A statement from the 15-nation body also insisted that Khartoum stop air strikes and Juba withdraw troops from a vital oil field.
Fighting along the ill-defined border between the former civil-war foes has led to a standoff over Sudan's Heglig oil field after it was seized on Tuesday by troops from South Sudan, which declared independence last year.
Distrust runs deeps between the neighbors, who are at loggerheads over the position of their border, how much the landlocked south should pay to transport its oil through Sudan, and the division of national debt, amongst other issues.
"The recent violence threatens to return both countries to full-scale war and the period of tragic loss of life and suffering, destroyed infrastructure, and economic devastation, which they have worked so hard and long to overcome," a statement from the Security Council said.
"The Security Council demands a complete, immediate, and unconditional: end to all fighting; withdrawal of (South Sudan's Army) from Heglig; end to (Sudanese Armed Forces) aerial bombardments; end to repeated incidents of cross-border violence between Sudan and South Sudan; and an end to support by both sides to proxies in the other country," it said.
The Council demanded that both countries redeploy their forces 6 miles outside a north/south borderline determined in 1956 and take immediate steps to establish a safe demilitarized border zone.
It termed the situation a "serious threat to international peace and security" and warned it would take further steps as necessary, but gave no details on what those might include.
South Sudan has accused Sudan of launching air strikes on some of its major oilfields.
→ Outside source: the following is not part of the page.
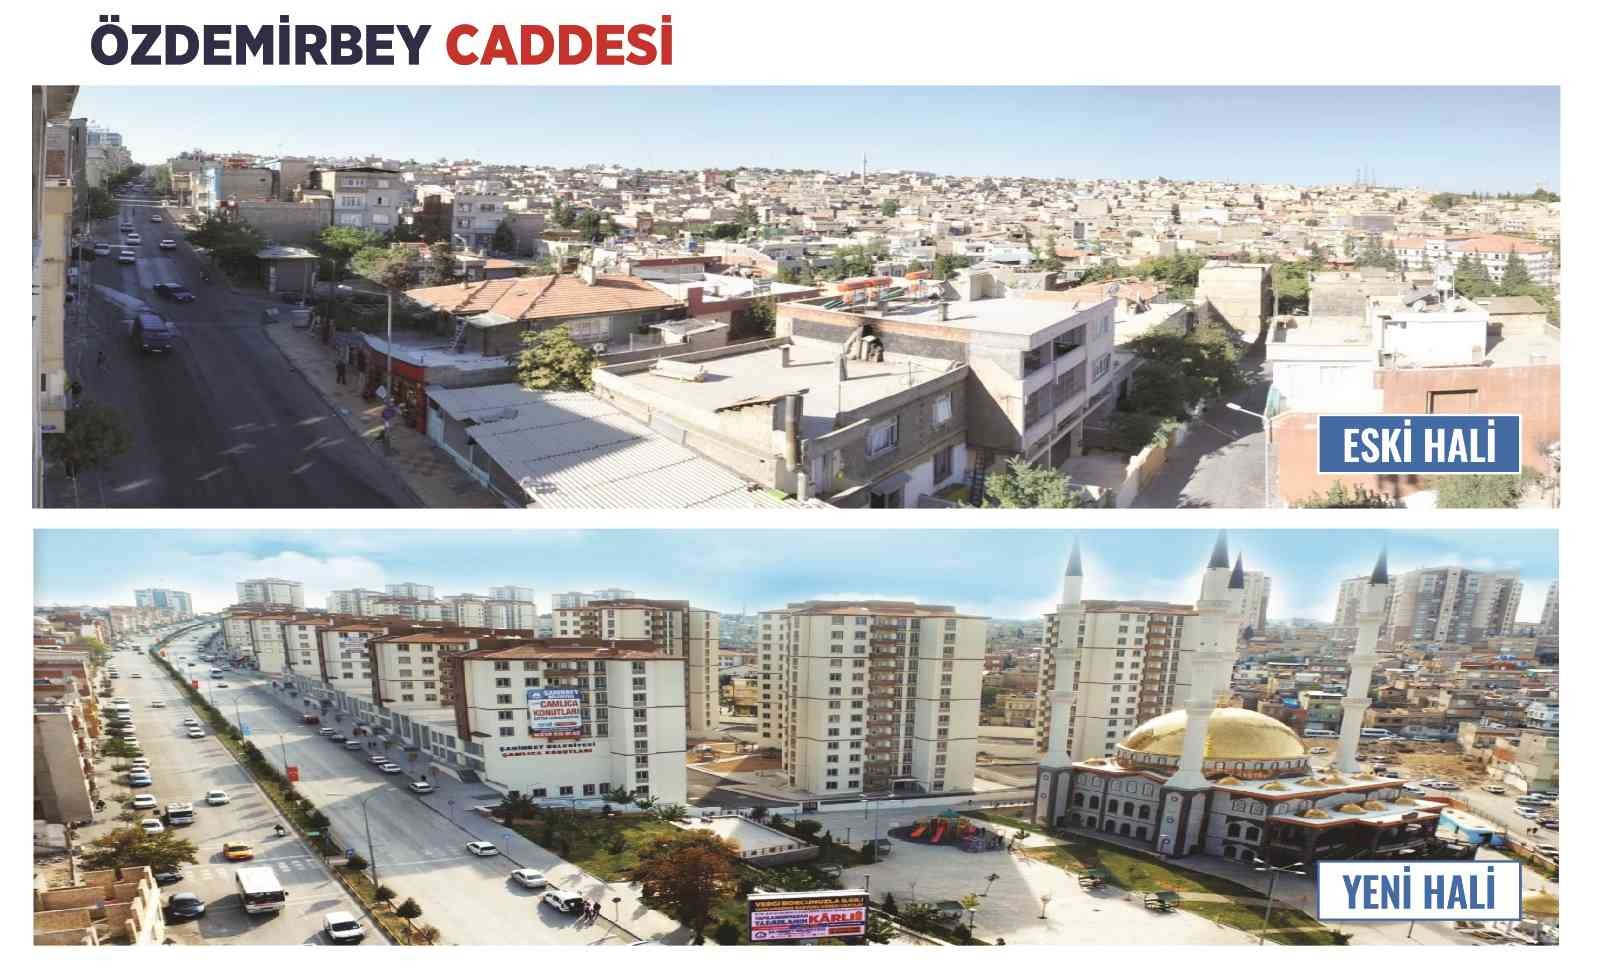 Şahinbey’in çehresi değişiyor #gaziantep

Sudan has denied launching air strikes but said its ground forces had attacked southern artillery positions that had fired on the north.
Sudan's U.N. Ambassador Daffa-Alla Elhag Ali Osman said South Sudan must heed to the U.N. call.
"If they don't ... we will reserve our right to exercise the right of self-defense and we will chase them out," he told reporters. "Not only that we will hit deep inside the south."
Osman described claims of aerial bombardments of South Sudan by Sudan as "fiction."
South Sudan seceded from Sudan in July, six months after a referendum agreed under a 2005 peace deal that ended decades of civil war that killed more than 2 million people.